The detector 886 is selected to be compatible with the source 882
and to transmit a feedback signal in response sensing the energy
beams 888. The detector 886 (in combination with the controller 850
and its processing capacities) is useful for detecting the density
of fluids in the collection chambers 226 between the source 882 and
the detector 886. Particularly, the sensor assembly 840 is useful
for identifying changes in fluid density and interfaces between
fluids with differing densities. For example, the interface between
a region containing separated red blood cells and a region
containing the platelet rich plasma fraction, and the interface
between the platelet rich plasma region and a platelet-poor plasma
region.
With some source and detector configurations, a sampling window is
created rather than a single sampling point (although a single
sampling point configuration is useful as part of the invention as
creating a window defined by a single radial distance). The
sampling window is defined by an outer radial distance, d.sub.OUT,
from the central axis, C.sub.axis and an inner radial distance,
d.sub.IN. As may be appreciated, for many source and detector
configurations the size of the sampling window may be rather small
approximating a point and may, of course vary in cross-sectional
shape (e.g., circular, square, rectangular, and the like). As
discussed previously, it is preferable that the sensor assembly 840
be positioned relative to the reservoir extension portion 880 and
the collection chambers 226 such that the sampling window created
by the source 882 and detector 886 at least partially overlaps the
radial position of the region created during separation processes
containing a component of particular density, such as platelets.
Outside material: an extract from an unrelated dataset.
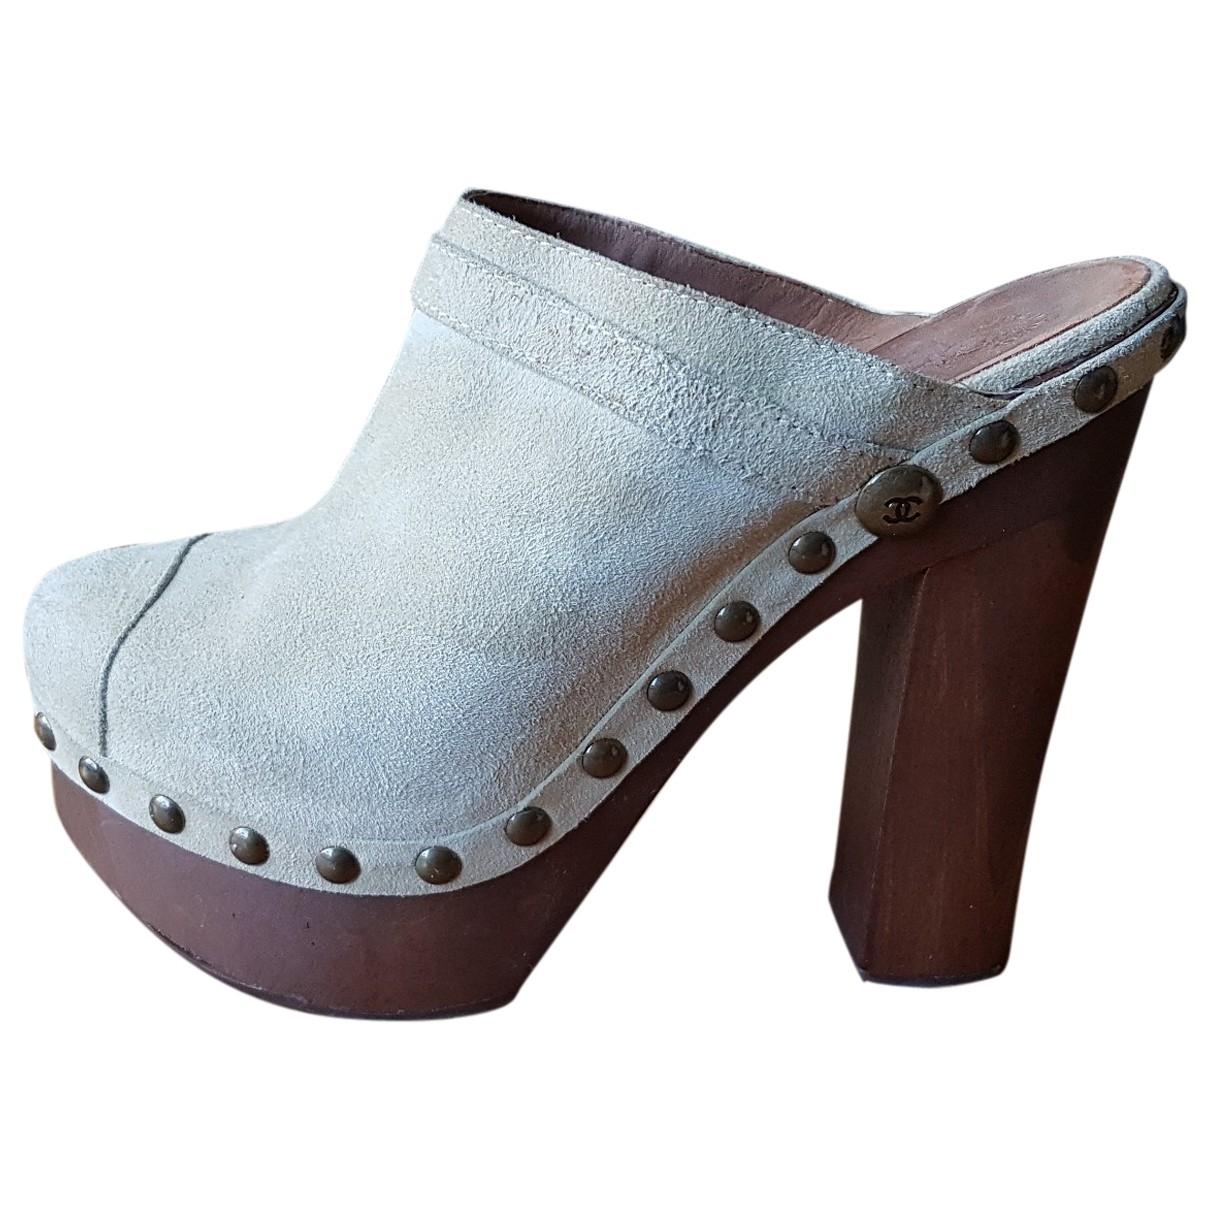 Chanel \N Beige Suede Mules & Clogs for Women 39 EU

This may be a calibrated position determined through calibration
processes of the centrifuge 20 in which a number of blood (or other
fluid) samples are fully separated and radial distances to a
particular region are measured. The determined or calibrated
position can then be utilized as a initial, fixed location for the
sensor assembly 840 with the source 882 and detector 886 being
positioned relative to the rotor extension portion 880 such that
the sampling window overlaps the anticipated position of the
selected separation region. Of course, each sample may vary in
content of various components which may cause this initial
alignment to be inaccurate and operations of the centrifugal
processing system 800 may cause misalignment or movement of
regions. Hence, alignment processes discussed above preferably are
utilized in addition to the initial positioning of the sampling
window created by the sensor assembly 840.
In an alternate embodiment, the sensor assembly 840 is not in a
fixed position within the separation system 800 and can be
positioned during separation operations. For example, the sensor
assembly 840 may be mounted on a base which can be slid radially
inward toward the centrifuge 20 and radially outward away from the
centrifuge 20 to vary the distances, d.sub.IN and d.sub.OUT. This
sliding movement is useful for providing access to one or more of
the collection chambers 226, such as to insert and remove a
disposable bag. During operation, the sensor assembly 840 would
initially be pushed outward from the centrifuge 20 until a new
centrifuge disposable 204 was inserted into the mounting assembly
202. The sensor assembly 840 could then be slid inward (or
otherwise moved inward) to a calibrated position. Alternatively,
the centrifugal processing system 800 could be operated for a
period of time to achieve partial or full separation (based on a
timed period or simple visual observation) and then the sensor
assembly 840 slid inward to a position that the operator of the
centrifugal processing system 800 visually approximates as aligning
the sampling window with a desired region of separated components
(such as the platelet rich plasma region). The effectiveness of
such alignment could then readily be verified by operating the
sensor assembly 840 to detect the density of the fluids in the
collection chamber(s) 226 and a calculated density (or other
information) could be output or displayed by the controller 850.
This alternate embodiment provides a readily maintainable
centrifugal processing system 800 while providing the benefits of a
fixed position sensor assembly 840 and added benefits of allowing
easy relative positioning to obtain or at least approximate a
desired sample window and separation region alignment.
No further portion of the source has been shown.